One of the drugs causing a dilemma for practitioners is ivermectin – the anti-parasitic drug that has been punted in the media for its abilities to suppress coronavirus infections and its complications.
“Other than still undergoing clinical trials to understand potential benefits and risks at various doses, there are concerns about the availability of illegal products that are by-passing standard regulatory processes aimed at preventing distribution of sub-standard medications,” says Dr Bettina Taylor, head of clinical risk management at EthiQal. “
The rapid clinical deterioration of some patients who have contracted Covid-19, doctors may nevertheless feel compelled to provide the medication, especially if pressurised by patients or their loved ones, she says.
Given that no ivermectin formulations for human use are registered in South Africa, the drug can only be administered legally in South Africa, if authorised on a named patient basis by the South African Health Products Regulatory Authority (Sahpra), which is enabled to do so by Section 21 of the Medicines and Related Substances Control Act (Act no. 1010 of 1965). According to Sahpra , license to use ivermectin will only be granted if the following requirements are met:
Unless a product is obtained from an authorised source that complies with Sahpra standards, its quality is unknown. A recent study that analysed seven ivermectin formulations being sold in South Africa for human use, demonstrated that four of five formulations tested had at least one additional undeclared active pharmaceutical ingredient (API), while another product had seven.
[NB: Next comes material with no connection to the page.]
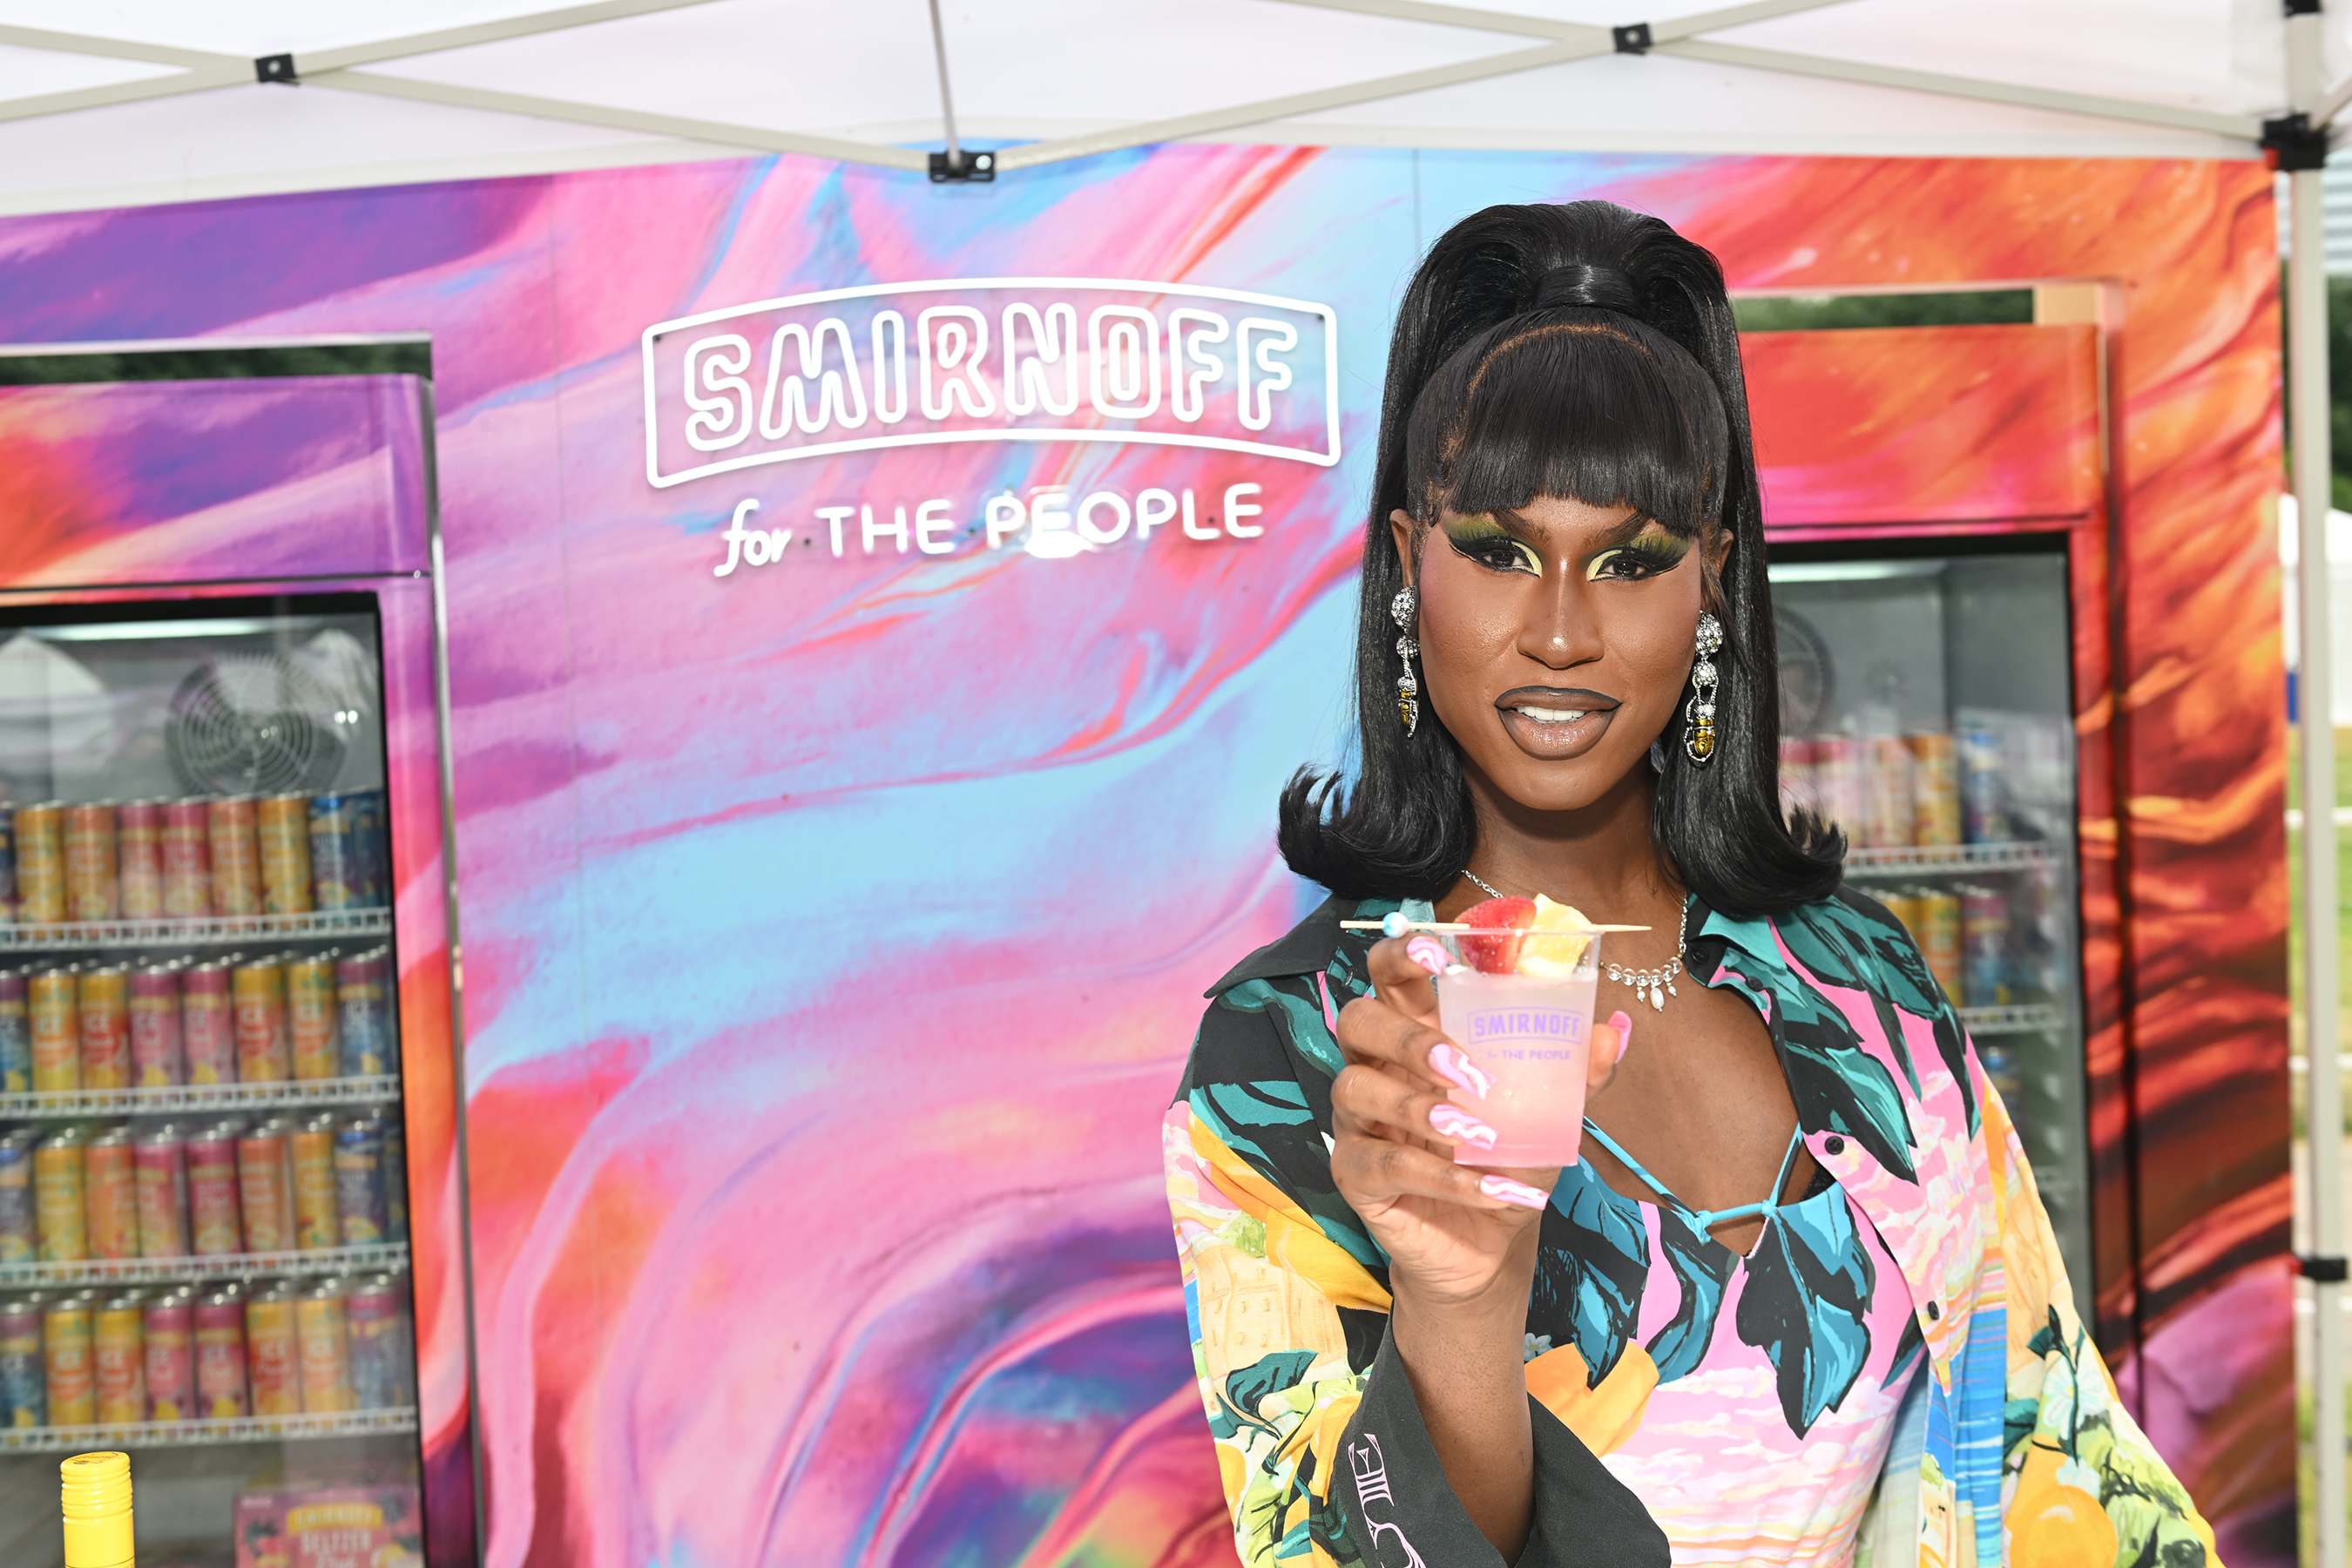 To announce Smirnoff’s Show Up. Show Off! national drag competition, Shea Couleé werked Chicago’s annual Pride in the Park event to kick off the inclusive fun.

These active ingredients ranged from non-steroidal anti-inflammatories to anti-depressants, and from anti-platelet to antiemetic drugs amongst others. Other than not knowing the quantity of ivermectin in any product purchased illegally, there are safety concerns with regards to these unknown additional ingredients that can cause unexpected allergic reactions, drug interactions and side-effects specific to any undeclared ingredient.
Various local and international authorities like Sahpra, the US Food and Drug Administration (FDA) and the European Medicines Agency have highlighted that the benefit risk ratio of ivermectin in Covid-19 patients remains unknown. Based on published studies, no recommendations in terms of whether treatment works and adverse events justify any potential benefit, can be made.
Given clinical equipoise with regards to use of ivermectin in Covid-19, patients for whom treatment is considered should, wherever possible, be enrolled in relevant therapeutic trials.
Taking the above into consideration, the policyholder was advised that, unless ivermectin is attained via an acceptable source, and in accordance with the Section 21 processes, their actions would be deemed unlawful and unethical according to the Health Professions Council of South Africa's ethical and professional rules.
“Merely accepting the fact that the family is in possession of ivermectin, without anything else, could have onerous unintended effects for the doctor, including being charged for unprofessional conduct by the HPCSA, tried criminally or being civilly pursued,” says Dr Hlombe Makuluma, EthiQal’s medicolegal advisor.
“The doctor could also lose his admission privileges at the hospital where he or she works, should the hospital become aware that they had unlawfully administered ivermectin to the patient, and breached hospital protocols in the process by not obtaining the drug through the hospital's pharmaceutical channels. The patient should be enrolled in a clinical trial if possible,” says Makuluma.
Ivermectin has traditionally been used for river blindness and intestinal strongyloidiasis in humans in other parts of the world. It has also shown in vitro activity against SARS-Cov-2 and early signs of potential clinical benefit in patients infected with Covid-19. However, in South Africa only formulations for animal consumption are currently registered.